1. Field of the Invention
This invention relates to the purification of silicon in general, and specifically to the purification of silicon in a liquid tin-lead solution.
2. Description of the Prior Art
Processes successfully used in the past include the reduction of silicon tetrachloride with zinc, cadmium, or hydrogen, the reduction of trichlorosilane (SiHCl.sub.3) with hydrogen, the pyrolytic decomposition of silane (SiH.sub.4); and the reduction of silicon tetraiodide and silicon tetrabromide with hydrogen. In each case, the starting materials must be carefully purified and great care exercised in the selection of storage and reaction chamber materials.
The usual sequence is to make a low-grade silicon or ferrosilicon, chlorinate the impure silicon, carefully purify the resulting halogen, and then reduce it. Huge quantities of silicon tetrachloride and trichlorosilane are produced for use in silicon manufacture so a ready source of feed stock for the semiconductor industry has been available.
Halides are most often purified by direct distillation, but occasionally other methods are used with, or in addition to the distillation. If impurities in the range of 50 to 100 ohm-centimeter are desired, pyrex or steel columns are adequate, and indeed high-silicon tetrachloride and trichlorosilane are normally shipped in steel tanks.

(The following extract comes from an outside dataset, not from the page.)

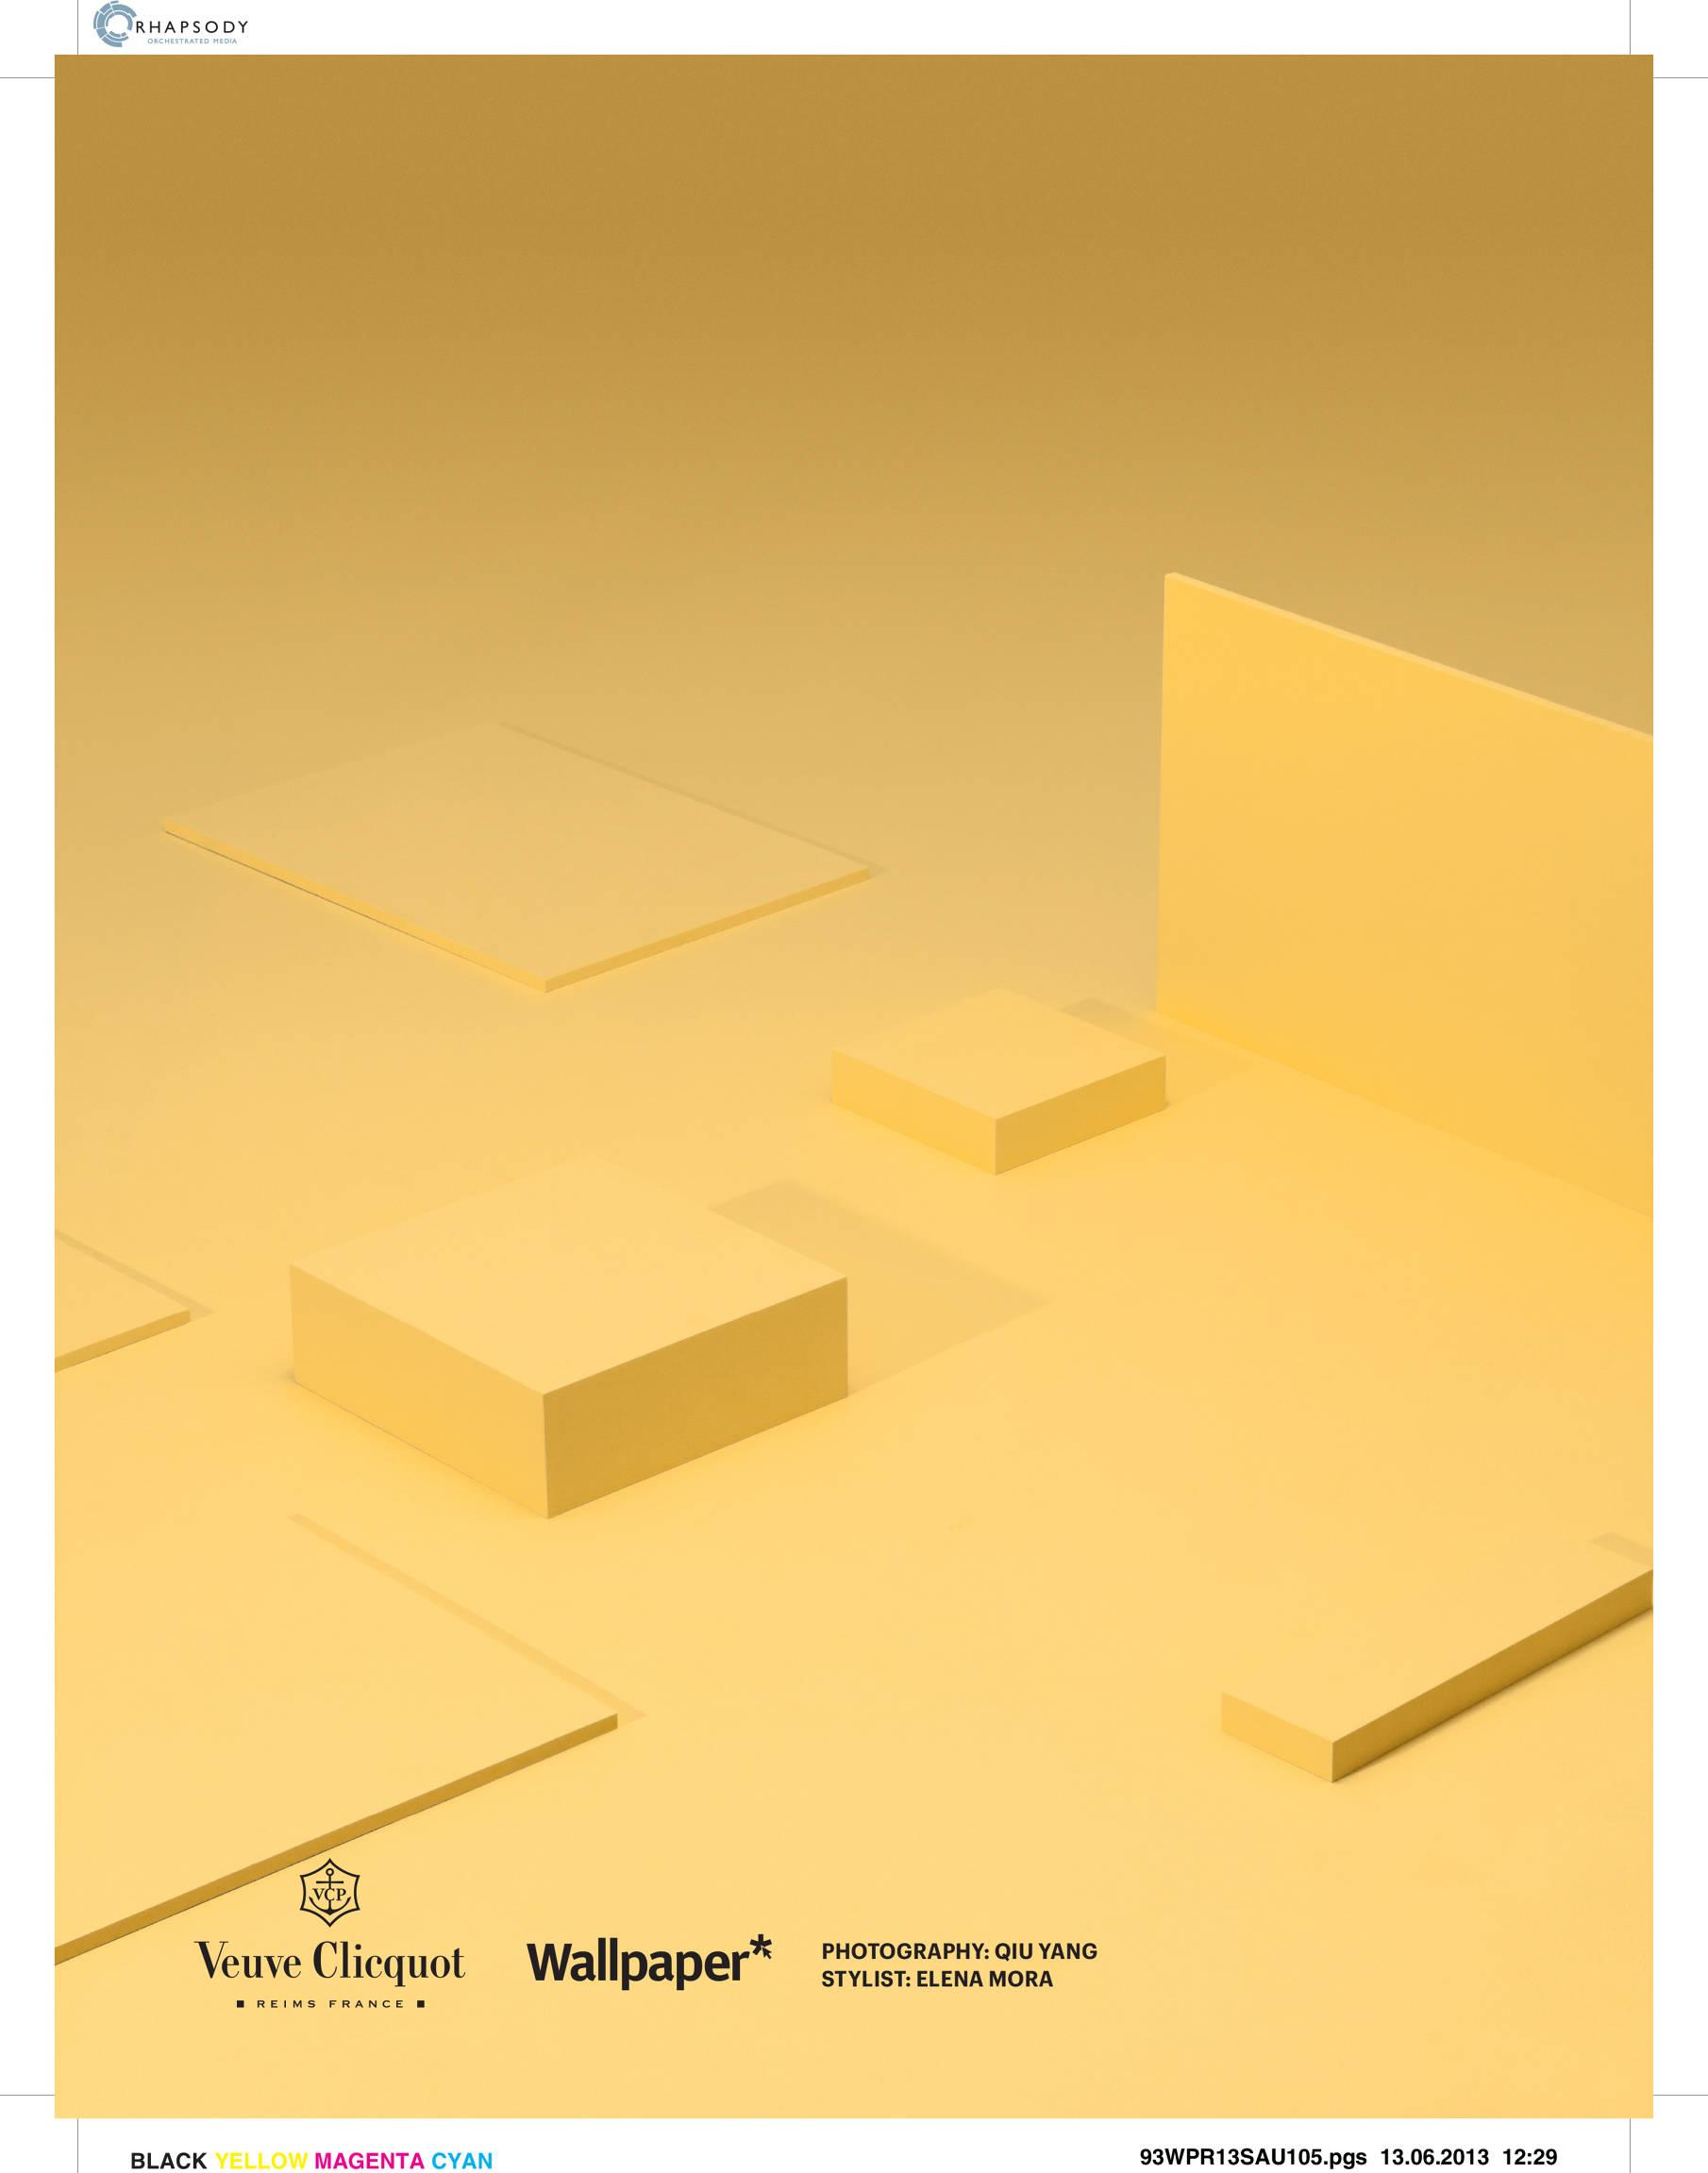 Wallpaper Veuve Clicquot Events Calendar Wwwali Morriscom

The first commercial process for the production of semiconductor-grade silicon used zinc to reduce silicon tetrachloride. A number of problems are associated with this method. Zinc with its high melting point poses problems. The silicon grows out in dendrites, or needles, from the walls of the container and some form of densification must be used prior to charging into a crystal puller. Even though the starting materials are carefully purified before feeding into the reactor, trace impurities still remain and appear in the deposited silicon. The zinc process has been completely supplanted by various hydrogen-reduction methods.
Silane decomposition involves the pyrolytic decomposition of silane. It has not been widely used, however, because of the difficulty of making silane and because of the hazard of its instability. Silane will ignite and explode in air and is decomposed by water containing traces of alkali.
The iodide process using the decomposition of silicon tetraiodide to form silicon is used quite often, however, because of the high cost of iodine, a recovery process is necessary. In order to obtain reasonable deposition rates, low pressures are required, so that a combination of vacuum pumps and iodine traps is required. It is because of these additional requirements that the process has thus far not proved commercially feasible.
The most used method in the manufacturing of silicon is the use of silicon tetrachloride (SiCl.sub.4) and trichlorosilane (SiHCl.sub.3). The use of trichlorosilane is favored over silicon tetrachloride because of faster deposition rates and because it is apparently easier to remove phosphorus and boron compounds from it. However, as in some of the previously mentioned manufacturing processes, complicated reactor systems must be used. Most reactors use a heated quartz tube. The quartz tube is very simple, may be resistance heated and produces predominantly dense silicon with some protuberances on the inside. However, the silicon bonds to the quartz, which must be removed by leaching in hydrofluoric acid. The loss of a quartz tube each run raises the processing costs and the etching usually induces contamination, as does the quartz tube itself.
Accordingly, an object of this invention is to provide a method of purifying silicon that requires only simple materials.
Another object of this invention is to provide a method of purifying silicon at low cost.
Another object of this invention is to provide a method of purifying silicon that requires only simple apparatus.